I’ll tell you another tidbit first: Not only do all Europeans share Charlemagne as an ancestor, they share everyone alive at the same time as Charlemagne as an ancestor. Everyone who had kids, anyway. Let me explain:
Everyone alive has two biological parents. They each have two parents themselves, for a total of four grandparents. For x number of generations that you travel back in time, you have 2^x direct grandparents of increasing separation. Extrapolate that back to Charlie’s time, and you’d need 1 trillion grandparents to cover all your ancestral bases. Michael from Vsauce did a video about it. Since that’s far more people than have ever been alive, we need to engage some incest to solve the problem. Not banjo-applesauce incest, just a bit of redrawing our family trees into family webs.
Somewhere, far enough back in the web of grandparents, we will find a person whose lines connect to every single person who comes after them. That zig-zagged trail of shared genetic history ends surprisingly recently (for Euros, again): A common European ancestor around 1400 AD. Go a bit farther, and we find a common Earthling ancestor around 3,000 BC. It’s neat stuff. But it’s all based in mathematical models, not real genetic data.

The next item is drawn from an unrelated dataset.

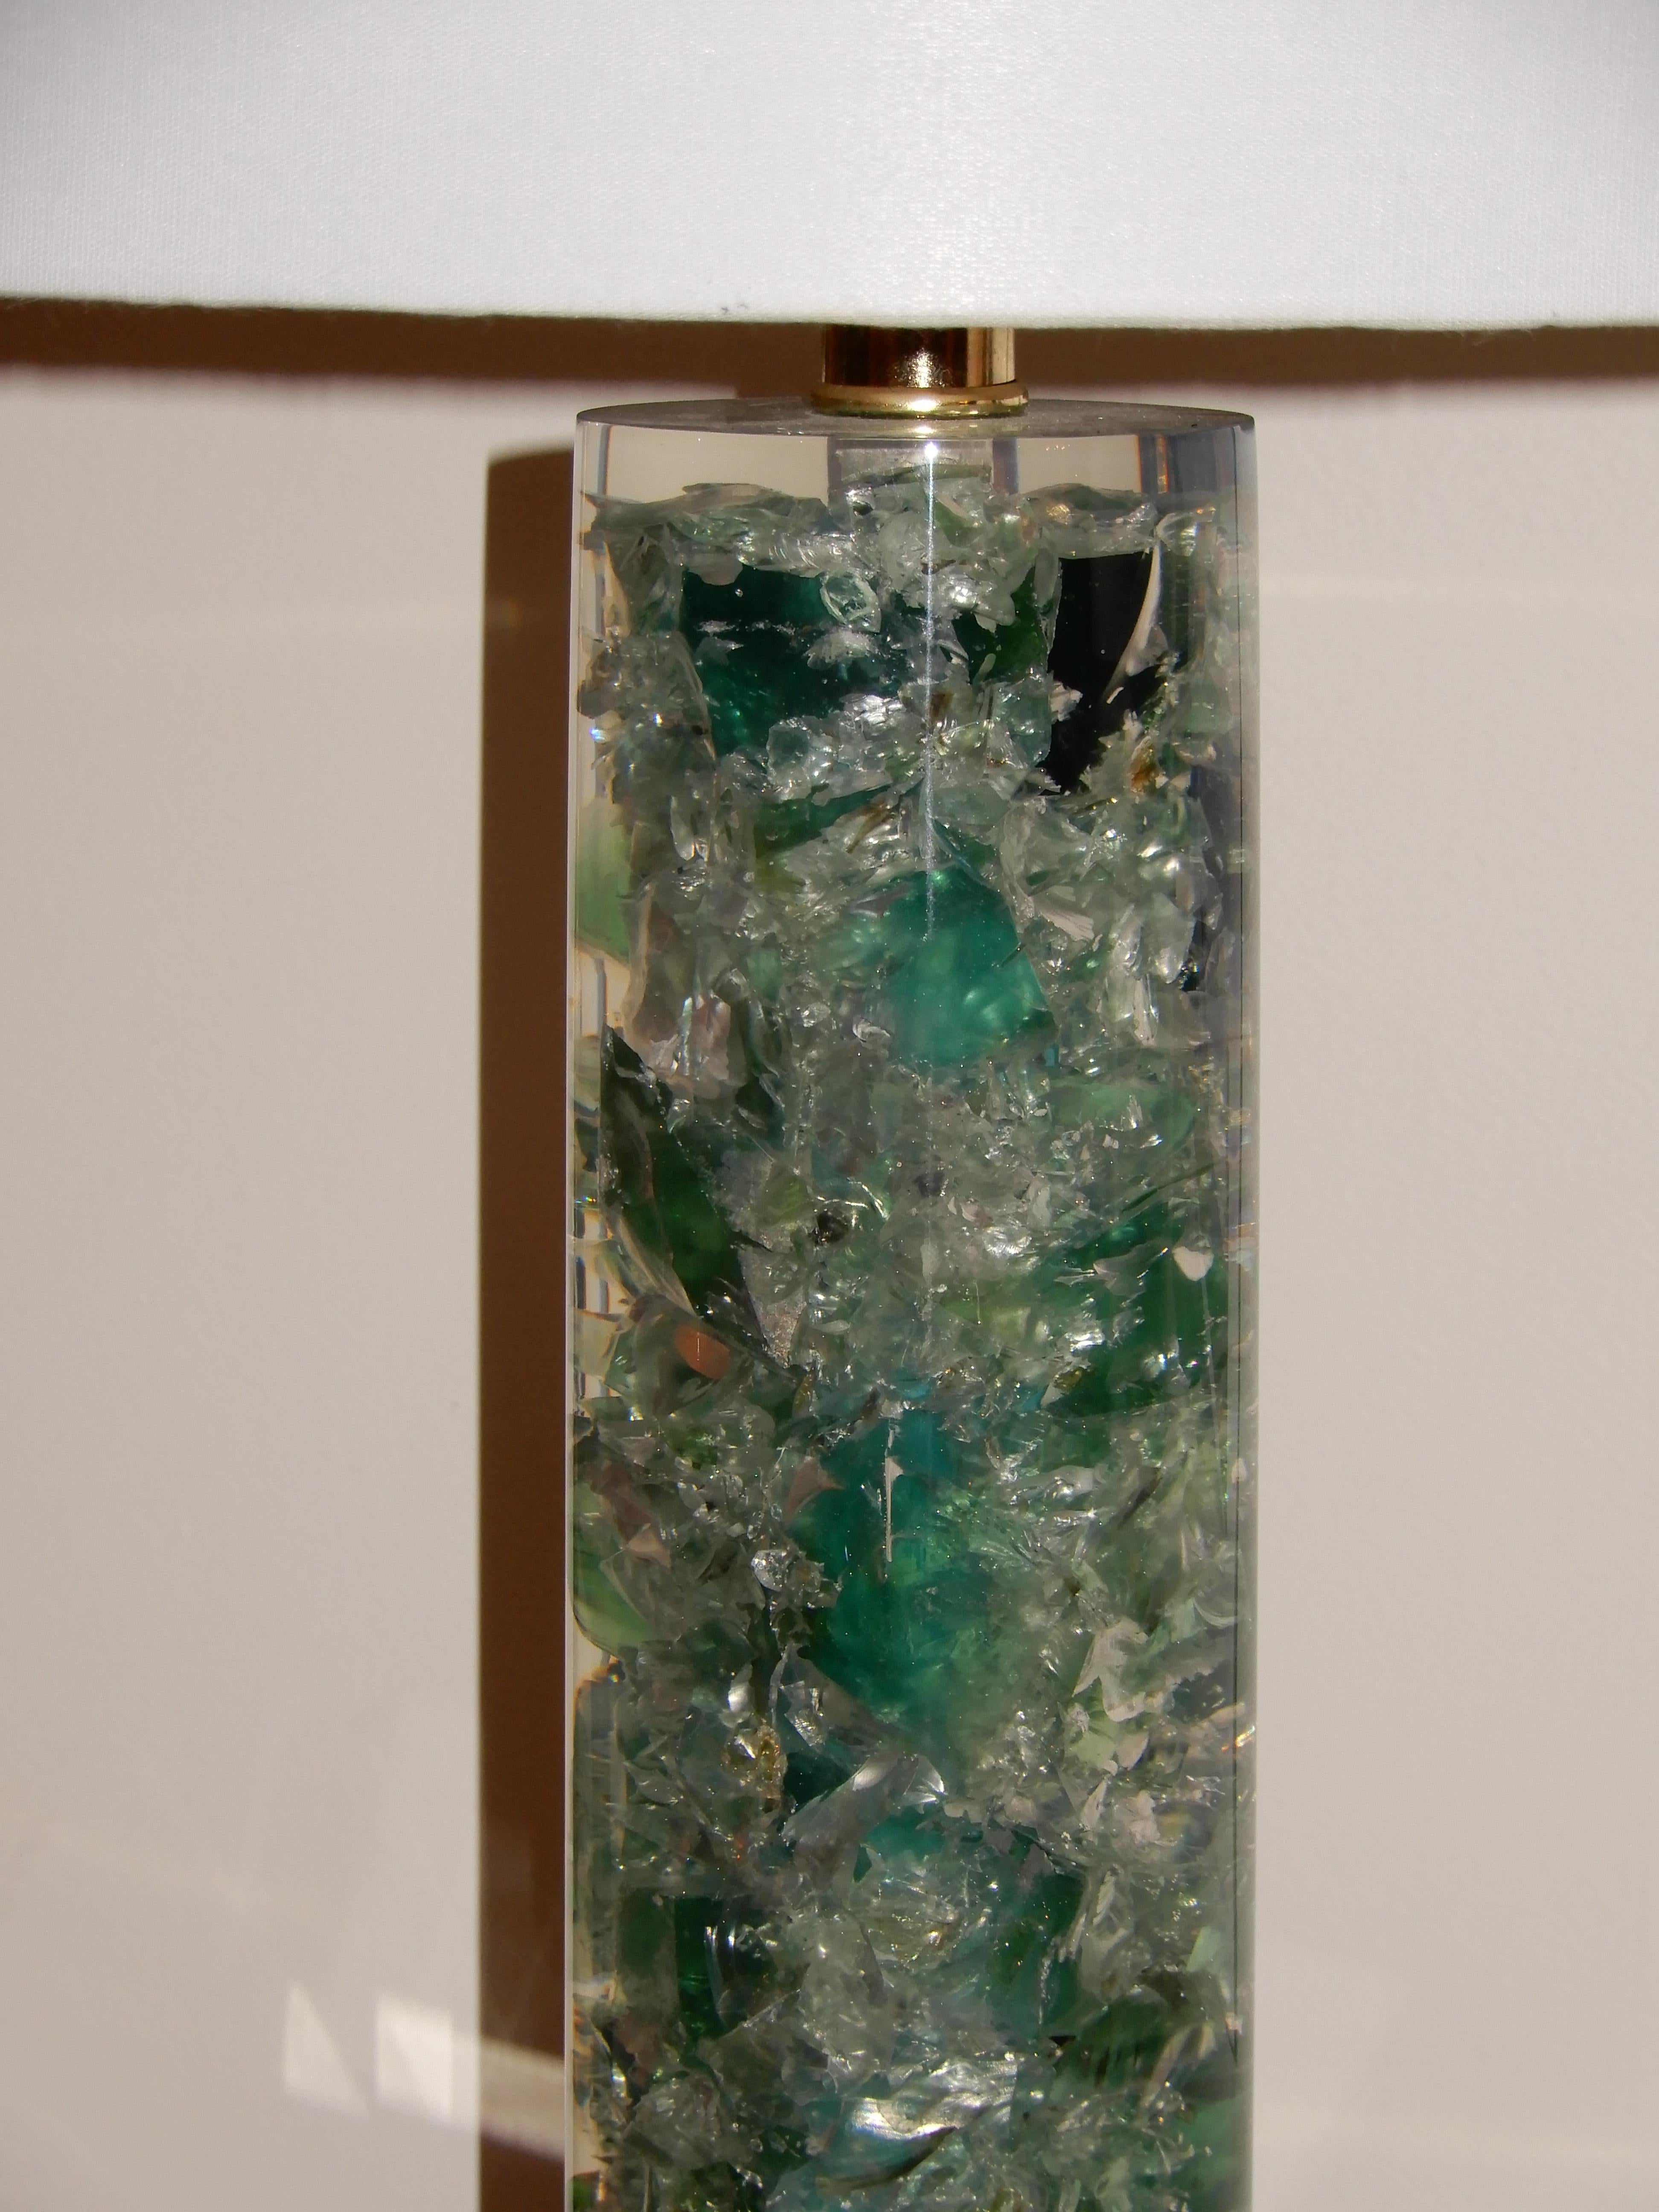 A lovely Lucite and crushed sea glass table lamp, blues, greens, turquoise, three-way switch up to 150 watts.
Lucite base and cylinder, brass warm fittings. The lamp measures 28 inches from the base to the top of the shade and 22 inches to the

Until now. USC and UC Davis researchers Peter Ralph and Graham Coop have surveyed the genomes of 2,257 Europeans in order to put some real data behind those models. Because of the random shuffling of chromosome fragments that created your father’s sperm and your mother’s egg, you, your siblings and your cousins all share varying chunks of DNA. People who are more closely related share more of these chunks. Depending on how many chunks are shared between two people, we can calculate their approximate relation to each other. Using 2 million shared sequences and a lot of math, they proved the mathematical models correct. Turkish people are more related to other Turks than to someone from Portugal, but they are related enough that, not only do they share one common ancestor a few hundred years ago, but they share every ancestor if you go back a mere thousand years. The models guessed that a long time ago, but now we have the data to prove it.It’s likely that these patterns extend to other regions of Earth, although the numbers might be slightly (but not that) different.
Next time someone in your neck of the ethnic woods points out a famous relative or claims blue-blood descent, remind them that they aren’t so special. All street-sweepers are royalty, all nobles are peasants, and we are all Kings and Queens.